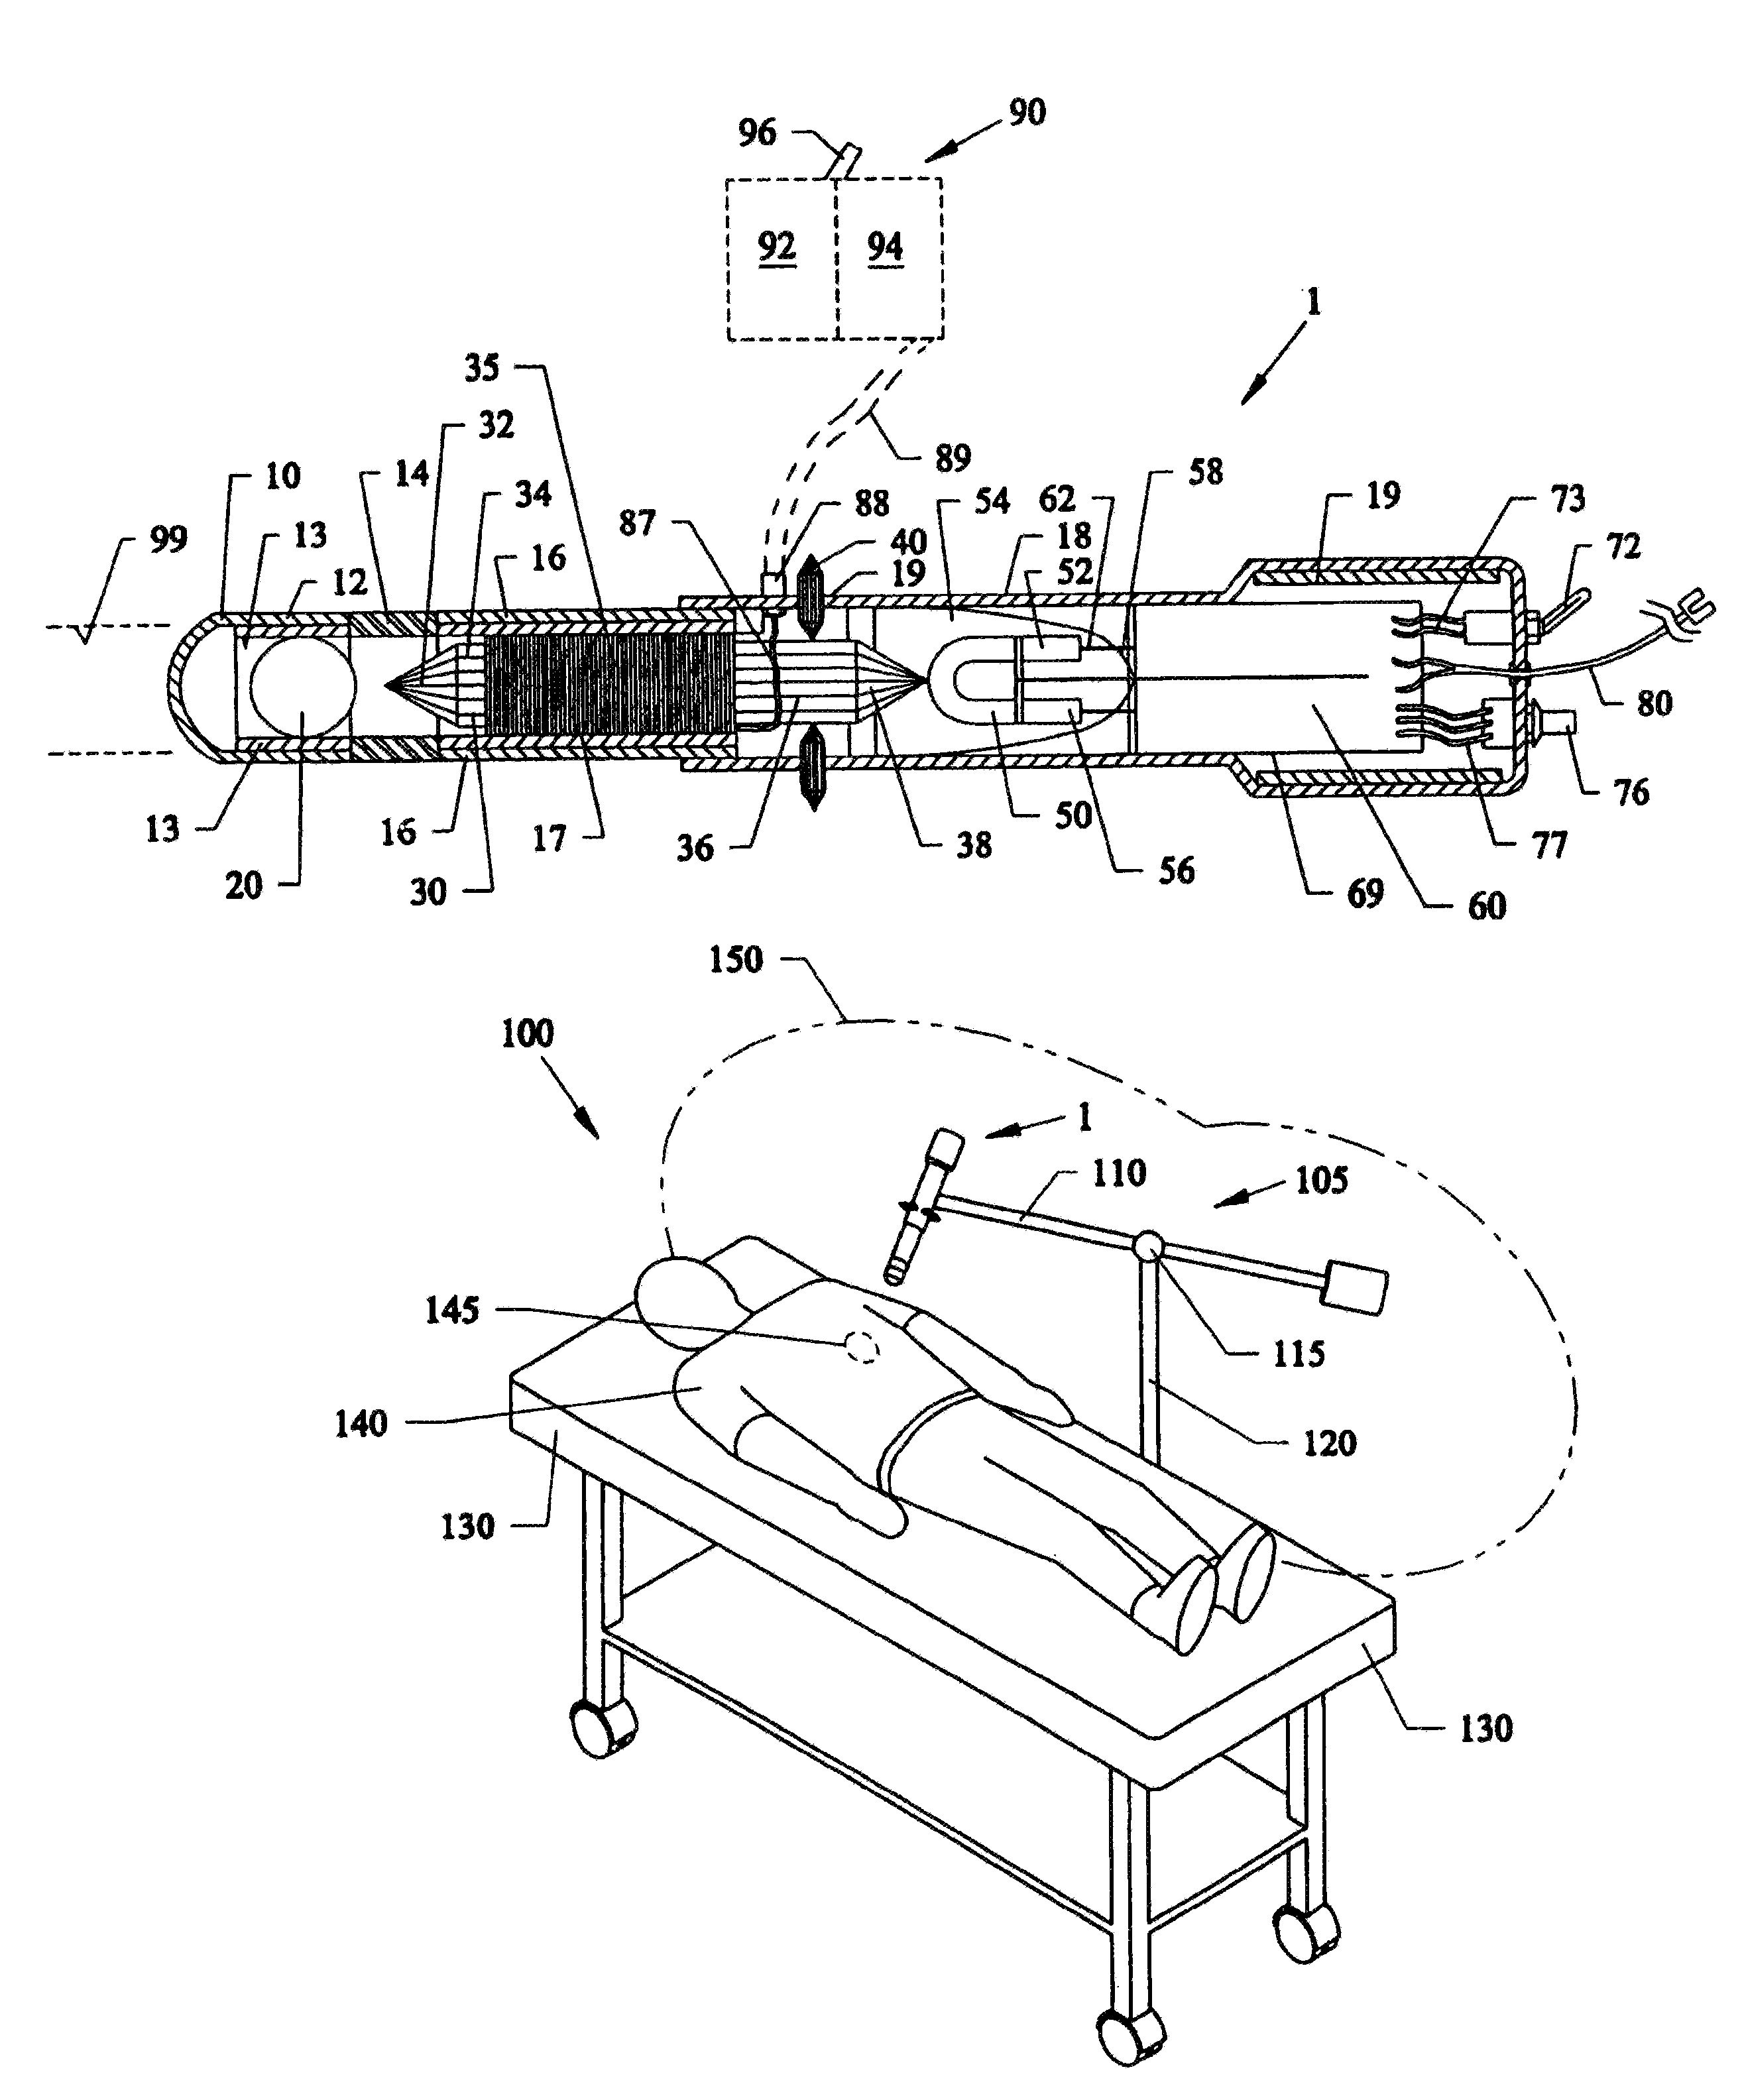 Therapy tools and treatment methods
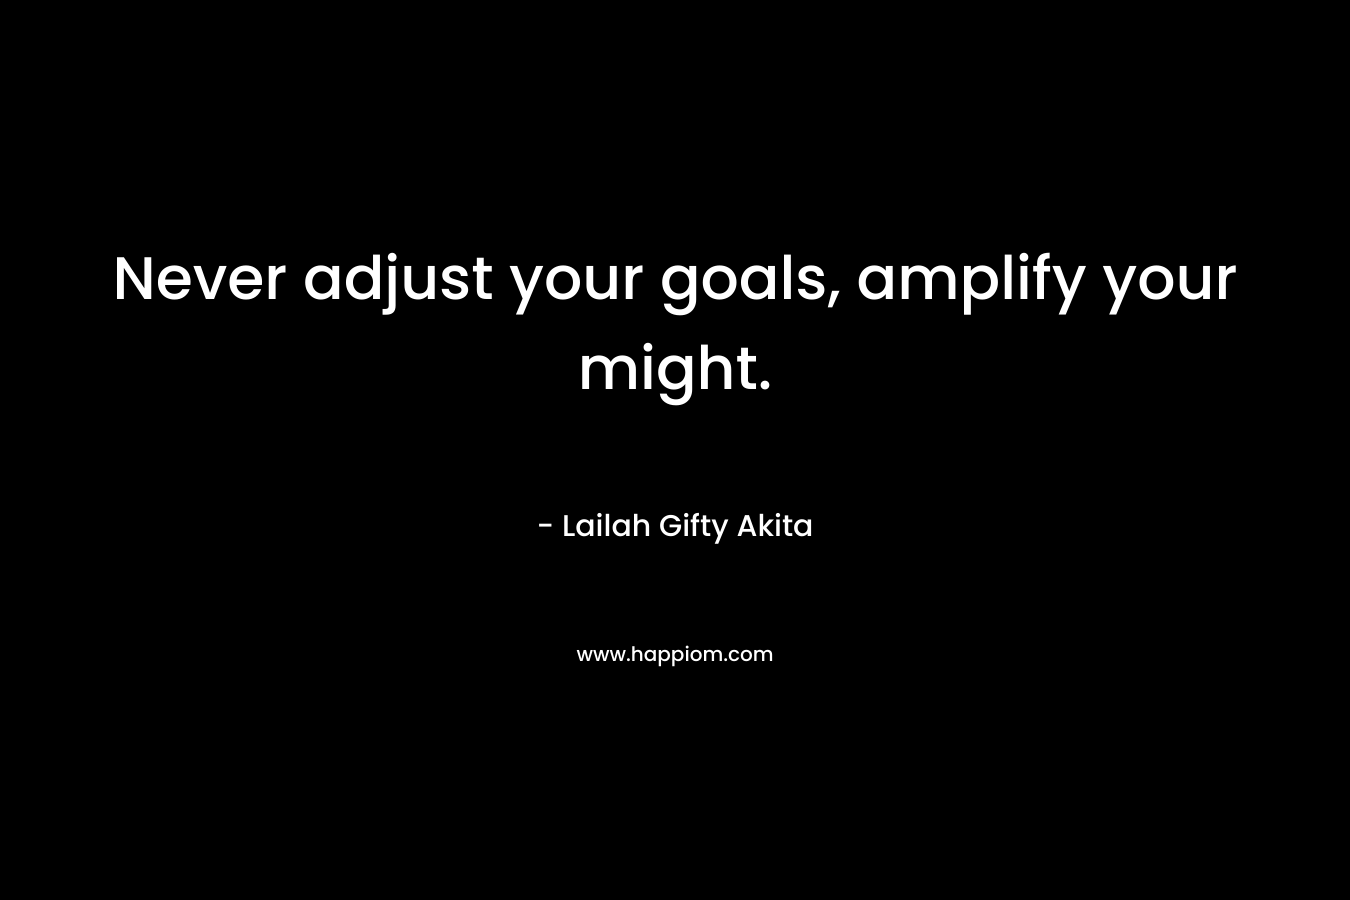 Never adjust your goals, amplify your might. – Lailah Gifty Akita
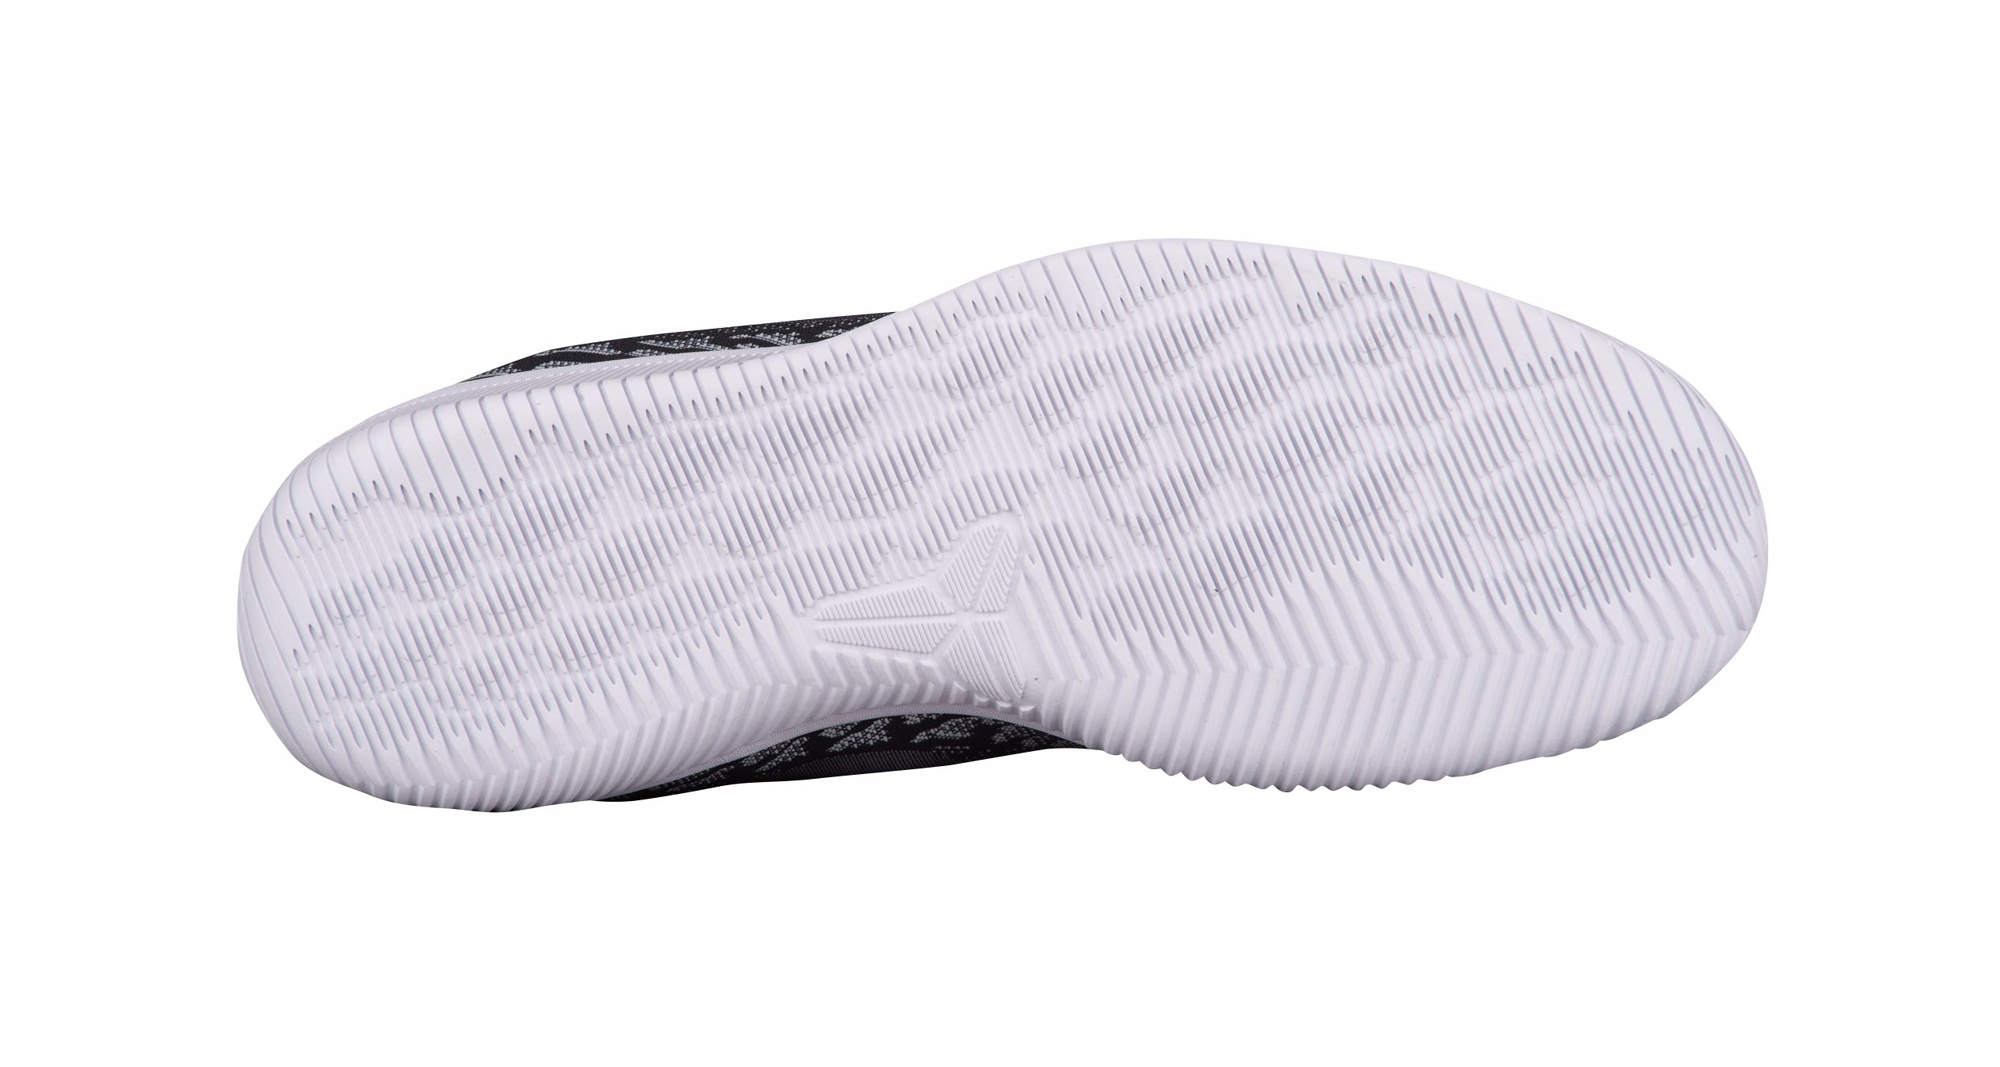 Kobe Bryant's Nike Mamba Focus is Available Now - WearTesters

◆ **DIRECTIONS**:
For this exercise, retype the listing above word for word and omit the pictures.

◆ **YOUR SOLUTION**:
 Therapy tools and treatment methods
 Never adjust your goals, amplify your might. – Lailah Gifty Akita
 Kobe Bryant's Nike Mamba Focus is Available Now - WearTesters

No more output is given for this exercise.